Fault diagnosis method

For the acquisition of the bearing vibration signal, we denote the collected high-dimensional signal by $x \in R^{N}$ based on the traditional Nyquist sampling theorem, while the low-dimensional compressed signal is denoted by $y \in R^{M}$ based on the compressed sampling theory. According to the compressed sensing theory, a high-dimensional signal x should correspond to a one-to-one low-dimensional signal y (shown in Figure 2). If we denote the observation matrix corresponding to the compressed sampling way by $Φ \in R^{M \times N}$ , then we can obtain $y = Φ \cdot x$ .

Figure 2.

Relationship between the traditional sampling and compressed sampling.

We define $D_{0}$ as the over-complete dictionary trained with the historical operating data of the bearing in a normal state and $D_{i}$ (i = 1, 2, …, n) as the over-complete dictionary trained with the signals in fault state i. Each of these dictionaries is only available to the signals which have the same state with the corresponding training samples, meaning that the signals in other states cannot be decomposed sparsely on this dictionary. Expanding the high-dimensional signal x on the dictionaries $D_{i}$ (i = 0, 1, 2, …, n) as

x = D_{i} \cdot c_{i}, i = 0, 1, 2, \dots, n

(5)

where $c_{i}$ is the expansion coefficient vector of signal x on dictionary $D_{i}$ . According to the relation between x and y as $y = Φ \cdot x$ , we can obtain

y = Φ \cdot D_{i} \cdot c_{i}, i = 0, 1, 2, \dots, n

(6)

Defining ${\tilde{c}}_{i}$ as the estimate of the expansion coefficient vector $c_{i}$ , then the representation errors of the low-dimensional compressed signal on dictionary $D_{i}$ (i = 0, 1, 2, …, n) can be solved as

δ_{i} = ‖ y - Φ \cdot D_{i} \cdot {\tilde{c}}_{i} ‖_{2}, i = 0, 1, 2, \dots, n

(7)

Then, we can obtain n + 1 representation errors as $δ_{0}, δ_{1}, δ_{2}, \dots, δ_{n}$ .

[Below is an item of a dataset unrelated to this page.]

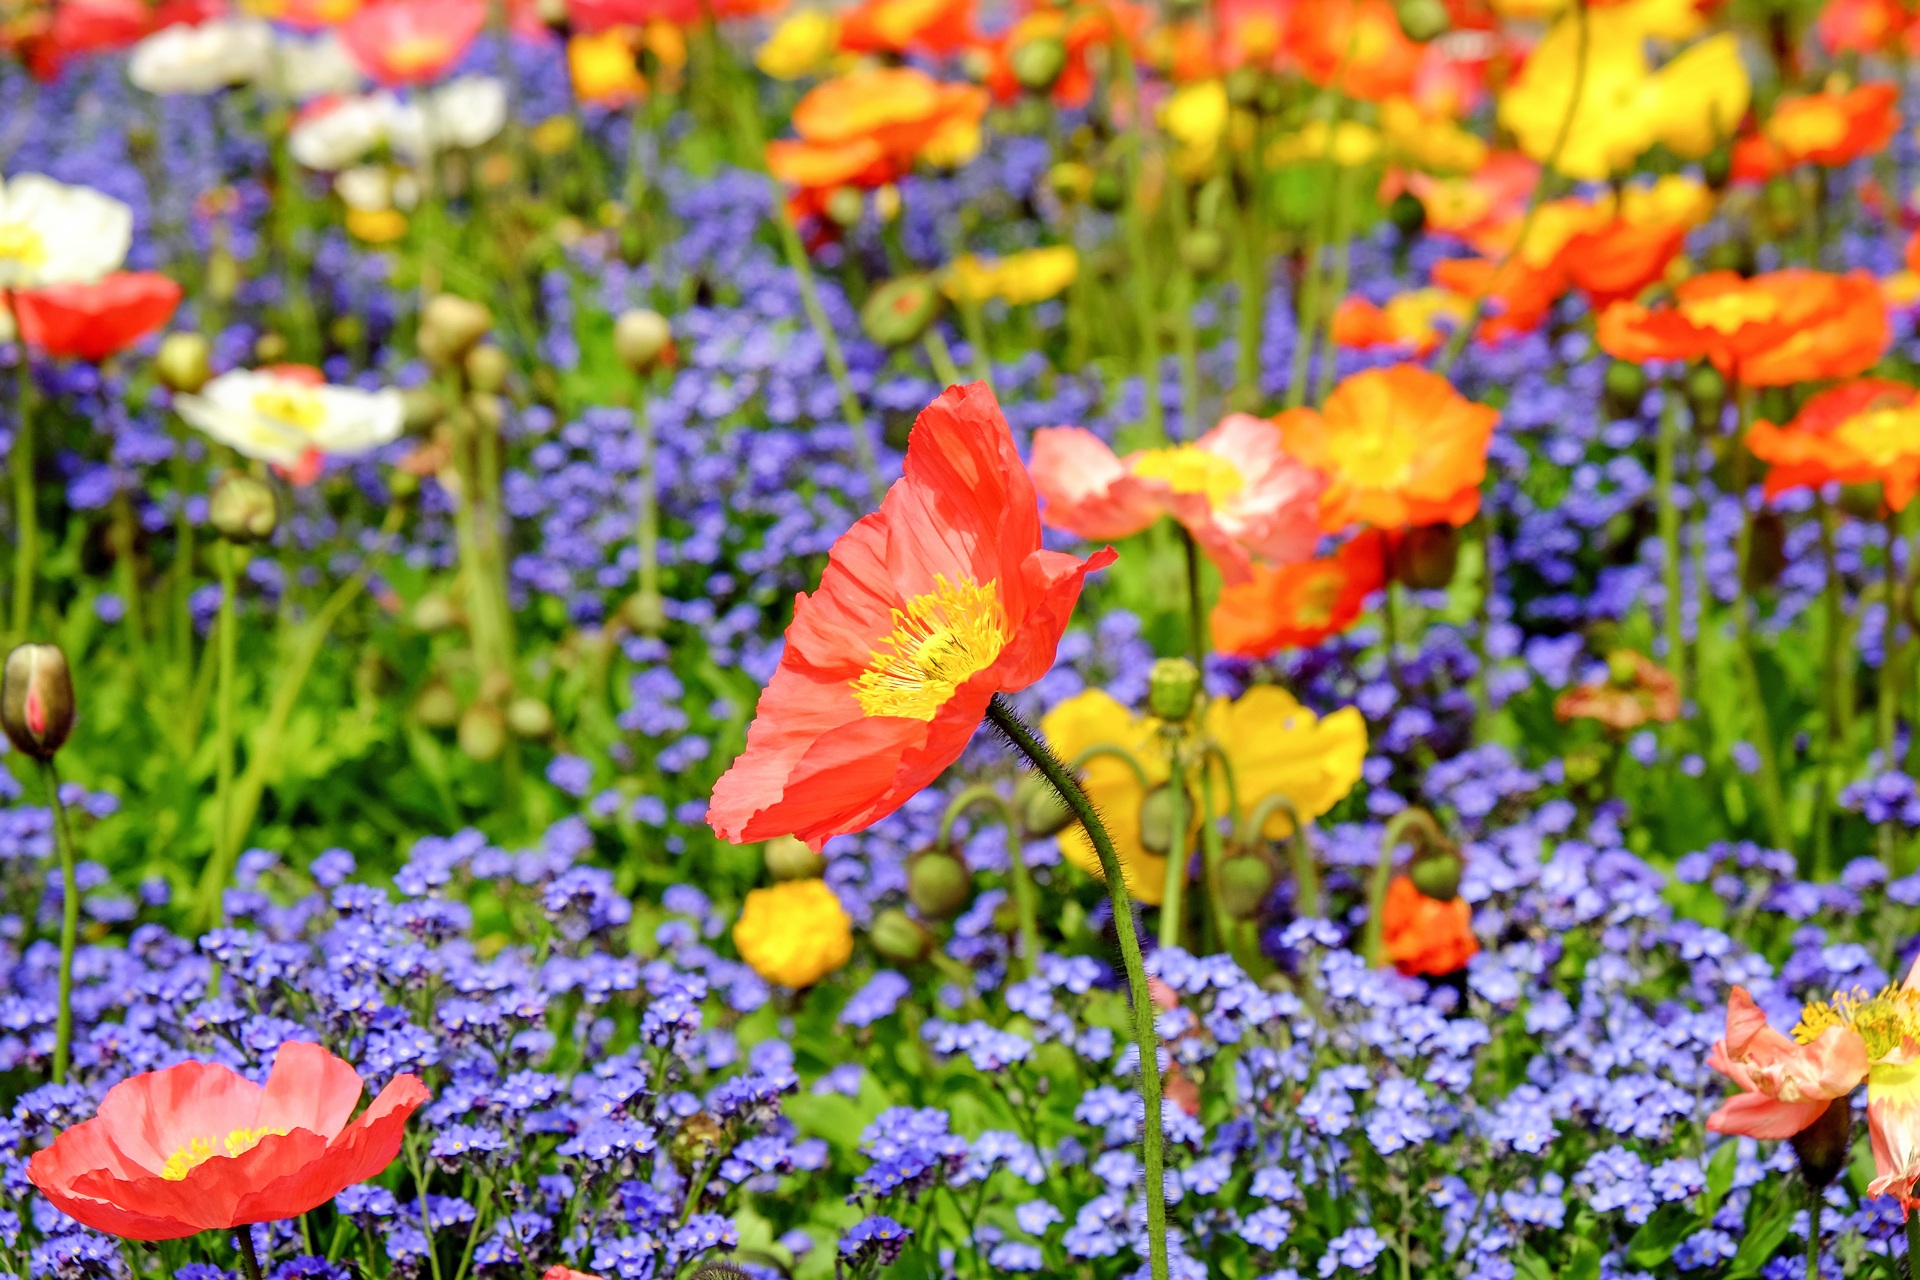 Descarga gratuita de fondo de pantalla para móvil de Naturaleza, Flor, Prado, Flor Amarilla, Flor Purpura, Flor Roja, Tierra/naturaleza.

For a low-dimensional compressed signal y, the representation errors $δ_{0}, δ_{1}, δ_{2}, \dots, δ_{n}$ corresponding to the dictionaries $D_{0}$ , $D_{1}$ , $D_{2}$ , …, $D_{n}$ , respectively, can be calculated. When the compressed signal y is sampled from the bearing in the normal state, then it can be represented sparsely only on the dictionary $D_{0}$ with the representation error as $δ_{0}$ . According to the characters of the dictionary by training, the error $δ_{0}$ would be the smallest one of all the representation errors, namely, $δ_{0} = min {δ_{0}, δ_{1}, δ_{2}, \dots, δ_{n}}$ . Meantime, the error $δ_{0}$ should be smaller. Ideally, it should be close to zero. Similarly, when the compressed signal y is sampled from the bearing in fault state p, $p \in {1, 2, \dots, n}$ , then it can be represented sparsely only on the dictionary $D_{p}$ with the representation error as $δ_{p}$ . In this case, the error $δ_{p}$ would be the smallest one of all the representation errors, namely, $δ_{p} = min {δ_{0}, δ_{1}, δ_{2}, \dots, δ_{n}}$ . Ideally, $δ_{p}$ should be close to zero.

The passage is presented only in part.